With the Spark-based solution, we could also automatically optimize the workflow of steps performed by the application based on the input configuration. For example, if the user did not specify to use entropy pruning, the application would skip model re-estimation. If the user specified count-cutoff in the configuration, the application would collapse many low-count N-grams into single one with a wildcard placeholder in order to reduce storage. These optimizations saved computational resources and produced the trained model in less time.

Spark pipeline vs. Hive pipeline performance comparison

We used following performance metrics to compare the Spark pipeline against the Hive pipeline:

  • CPU time: This is the CPU usage from the perspective of the operating system.
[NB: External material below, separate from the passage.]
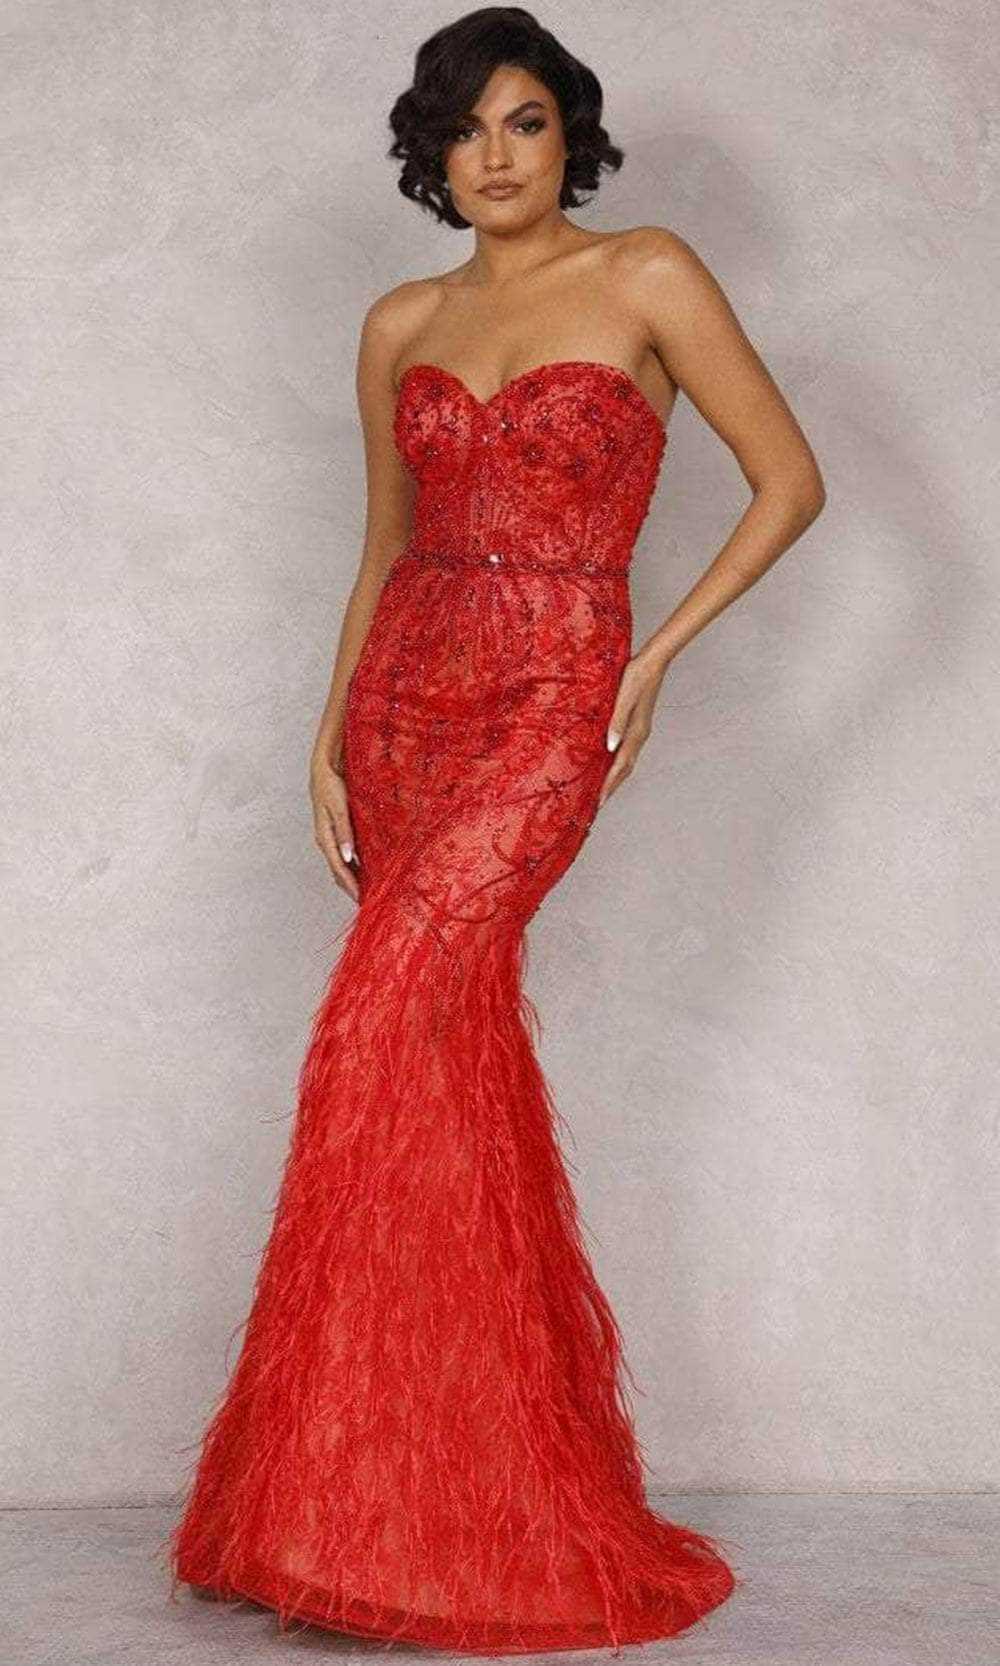 Terani Couture, Terani Couture 2221GL0414 - Strapless Feather Trumpet Evening Dress

For example, if you have a job that is running one process on a 32-core machine using 50% of all CPU for 10 seconds, then your CPU time would be 32 * 0.5 * 10 = 160 CPU seconds.
  • CPU reservation time: This is the CPU reservation from the perspective of the resource management framework. For example, if we reserve a 32-core machine for 10 seconds to run the job, the CPU reservation time is 32 * 10 = 320 CPU seconds. The ratio of CPU time to CPU reservation time reflects how well are we utilizing the reserved CPU resources on the cluster. When accurate, the reservation time is a better gauge than CPU time for comparing execution engines running the same workloads. For example, if a process requires 1 CPU second to run but must reserve 100 CPU seconds, it is less efficient by this metric than a process that requires 10 CPU seconds and reserves 10 CPU seconds to do the same amount of work.
  • Latency / wall time: End-to-end elapsed time of the job.

The following charts summarize the performance comparison between the Spark and Hive jobs. Note that with Spark the pipeline is not a 1:1 translation of Hive pipeline. It has several customizations and optimizations that contributed to the better scalability and performance.

Spark-based pipelines can scale comfortably to process many times more input data than what Hive could handle at peak. For example, we trained a large language model on 15x more data, which generated a language model containing 19.2 billion N-grams within a few hours. Ability to train with more data and run experiments faster leads to higher-quality models. Larger language models generally lead to better results in related applications, as we observed in our own experience.

Conclusion

The flexibility offered by Spark helped us to:

  • Express application logic in a modular way that is more readable and maintainable compared with a monolithic SQL string.
  • Perform custom processing over data (e.g., partitioning, shuffling) at any stage in the computation.
  • Save compute resources and experimentation time due to a performant compute engine.
  • Train high-quality language models due to ability to scale with larger input data.
  • Build a generic application that can be used for generating language models across different products.
  • Migrate from our earlier solution due to support to run user binaries (like Hive’s TRANSFORM) and compatibility in interacting with Hive data.